Die Reform der Einheitsbewertung für die Bemessung der Grundsteuer war Gegenstand einer Kleinen Anfrage der FDP-Bundestagsfraktion (BT-Drs. 19/2640), die nun von der Bundesregierung beantwortet wurde (BT-Drs. 19/3077), wie unser Bundesverband, der Deutsche Städte- und Gemeindebund berichtet. In der Antwort findet sich eine erste Darstellung der Rahmenbedingungen und Überlegungen zu diesem wichtigen Reformvorhaben.

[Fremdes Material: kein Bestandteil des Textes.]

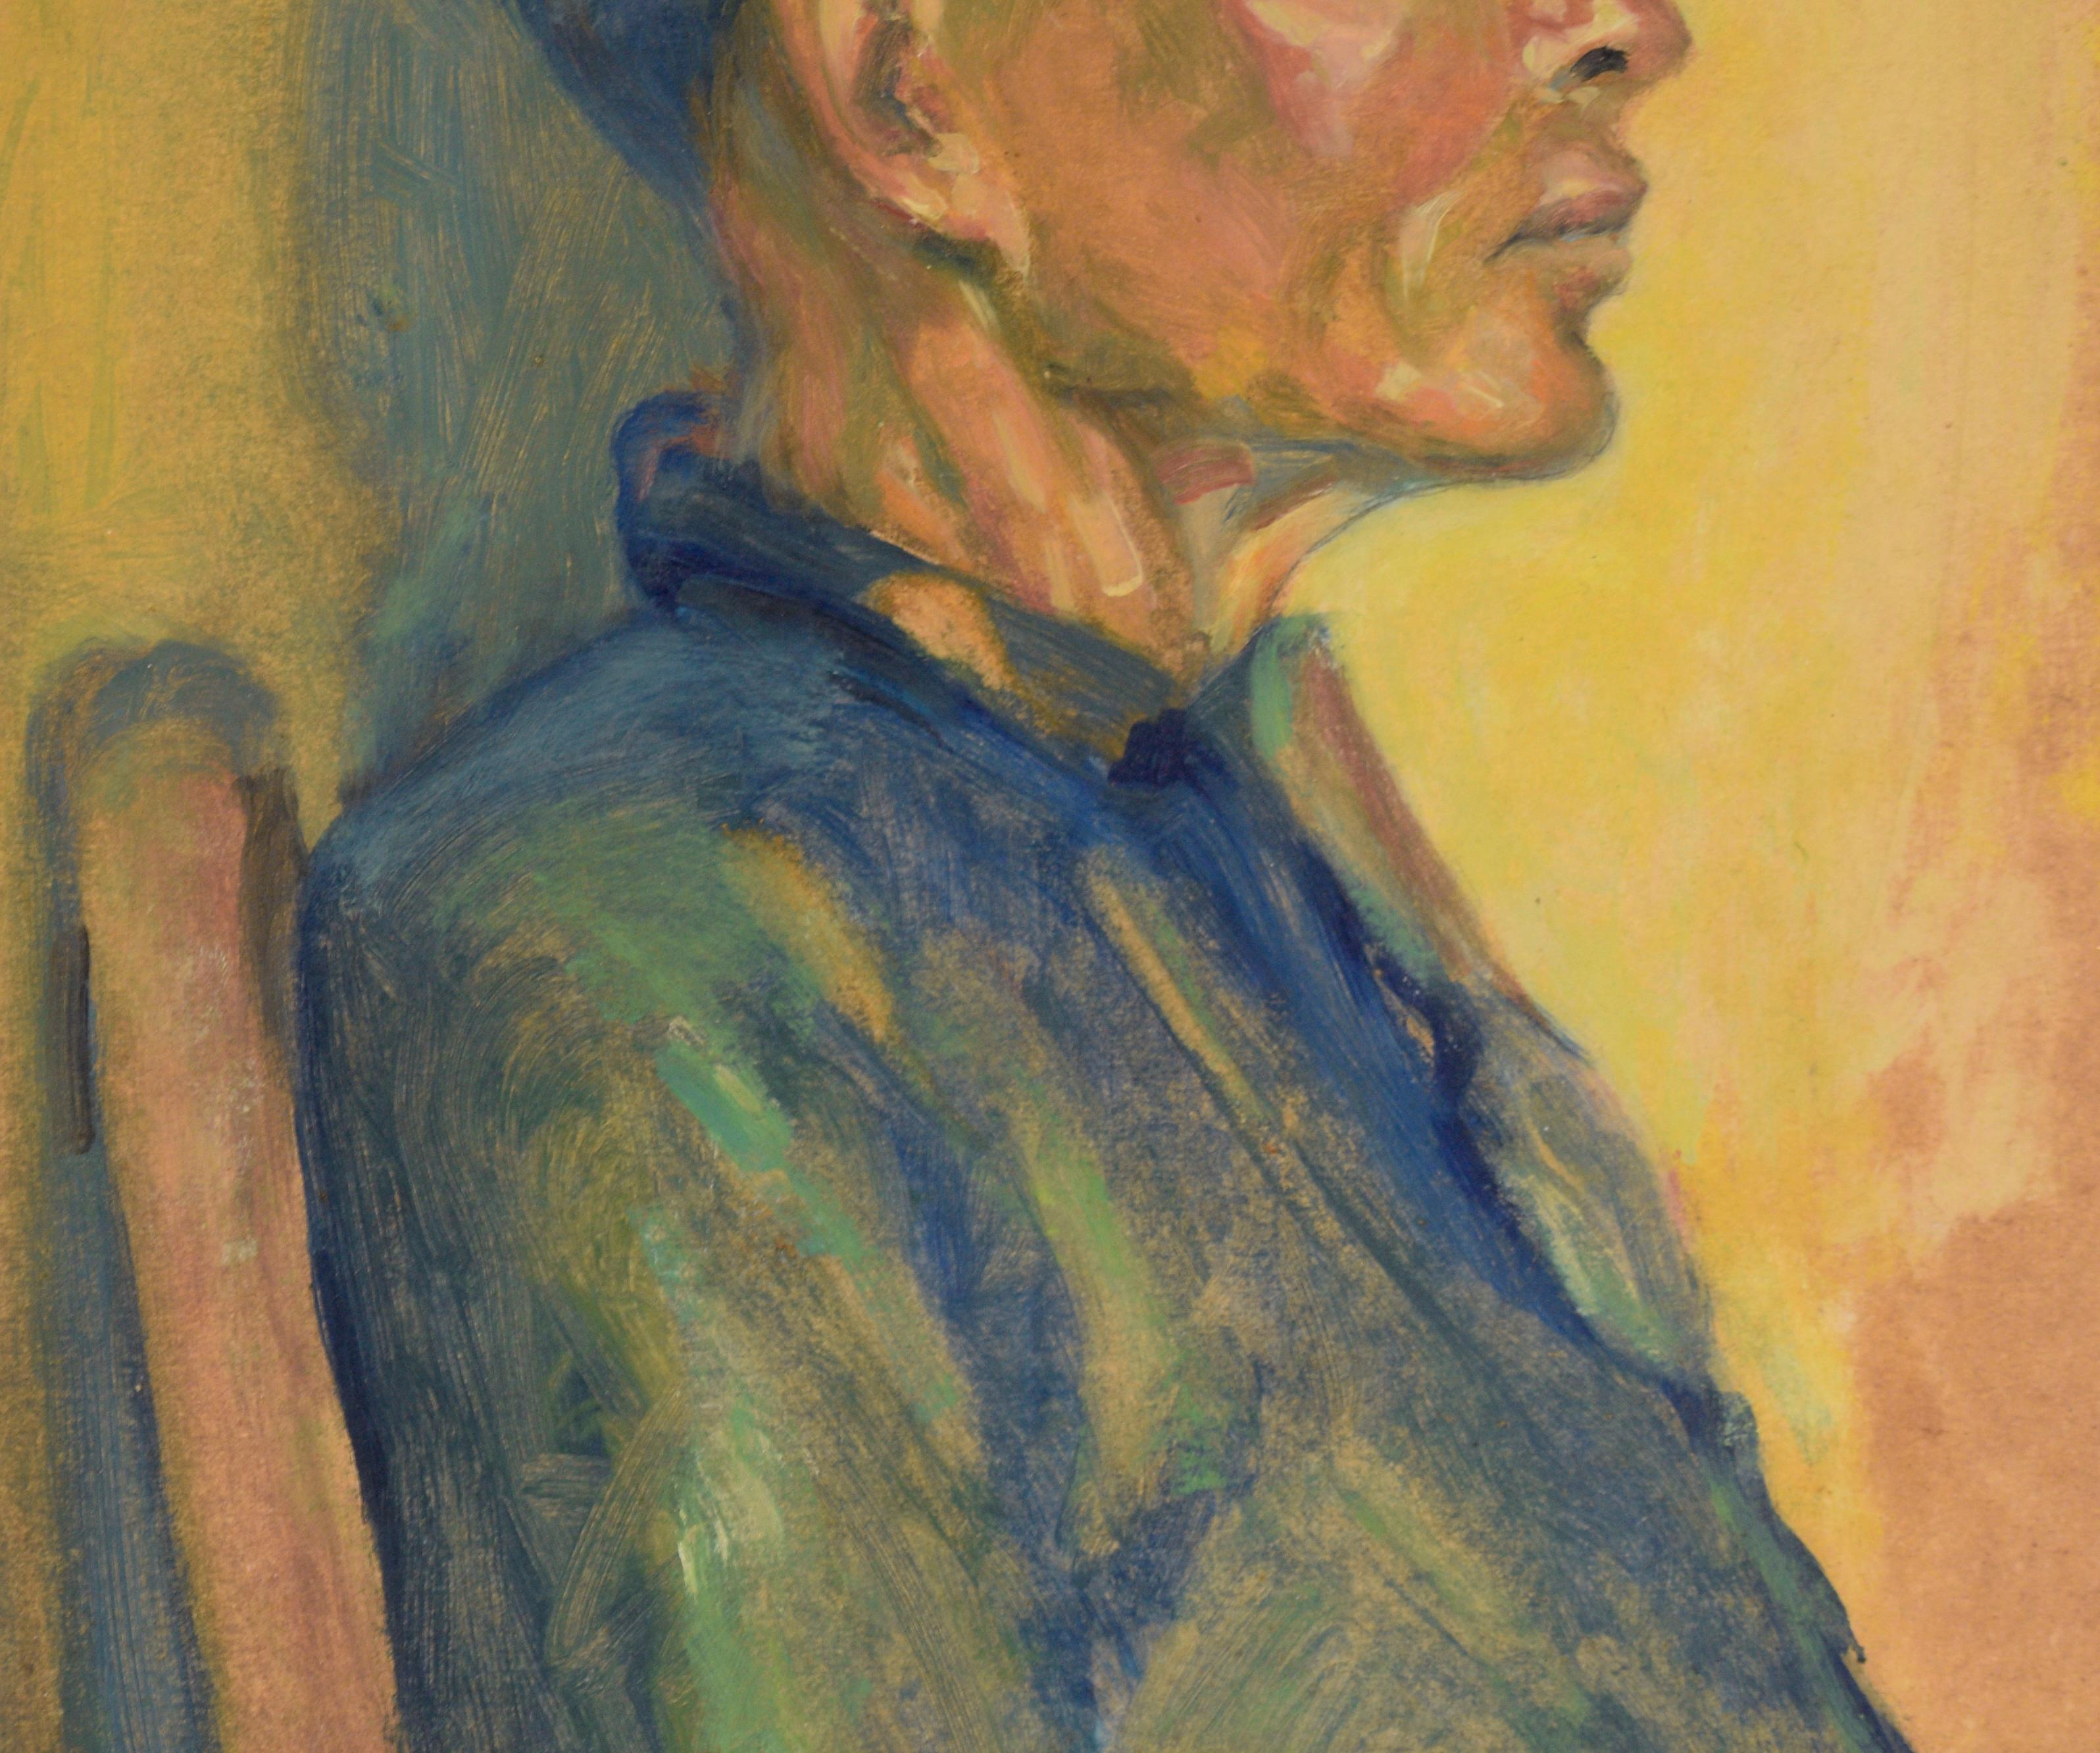 Portrait of a Distinguished Asian Gentleman - American Impressionist Painting by Celia B. Seymour

Die Grundsteuer bedeutet für die Städte und Gemeinden ein jährliches Steueraufkommen von rund 14 Milliarden Euro, das für die kommunalen Haushalte unverzichtbar ist – das sind mehr Mittel, als für freiwillige kommunale Selbstverwaltung im Jahr bundesweit überhaupt zur Verfügung stehen!

Ein Ausfall der Grundsteuer würde vielerorts zu einem Stillstand der kommunalen Selbstverwaltung führen. Mit massiven Auswirkungen für die lokale Demokratie und die Gestaltung des Lebensumfeldes vor Ort. Die Kommunen drängen seit vielen Jahren darauf, dass die Grundsteuer endlich reformiert wird, um diese wichtige gemeindliche Steuer auf eine gerechte, nachvollziehbare und rechtssichere Grundlage zu stellen. Seit dem Urteil des Bundesverfassungsgerichts vom 10.04.2018, mit dem die Einheitsbewertung für die Bemessung der Grundsteuer für verfassungswidrig erklärt wird (Az. BVerfG 1 BvL 11/14), steht fest: Die Grundsteuer muss nun endlich zügig reformiert werden! Die Uhr tickt. Bis zum Ende des Jahres 2019 müssen neue gesetzliche Grundlagen für die Grundbesteuerung geschaffen, diese dann bis spätestens Ende 2024 eingeführt werden. Dem Vernehmen nach wird im Bundesfinanzministerium an einem Gesetzesvorschlag für die Grundsteuerreform gearbeitet, der im Spätherbst oder Ende dieses Jahres 2018 vorgestellt werden könnte.

In der Antwort der Bundesregierung finden sich noch keine (Vor-)Festlegungen für die anstehende Reform der Grundsteuer, es lassen sich aber mittelbar einige Überlegungen bzw. Maßgaben zur Grundsteuerreform entnehmen:

Hinsichtlich der Diskussion über die Grundsteuerreformmodelle wird darauf hingewiesen, dass der vom Bundesrat am 04.11.2016 beschlossene Gesetzentwurf zur Änderung des Bewertungsgesetzes (BR-Drs. 515/16 B) mit dem sogenannten Kostenwertmodell es seinerzeit als realistisch ansah, dass die neuen Grundsteuerwerte für die Grundsteuer ab dem Jahr 2027 angewandt werden können (BR-Drs. 515/16, S. 39, 40). Mit diesem Zeitplan würde dieses Modell also einige Jahre zu lange in der Einführung brauchen und damit womöglich zu einem Ausfall der Grundsteuer führen, der aber unbedingt vermieden werden muss.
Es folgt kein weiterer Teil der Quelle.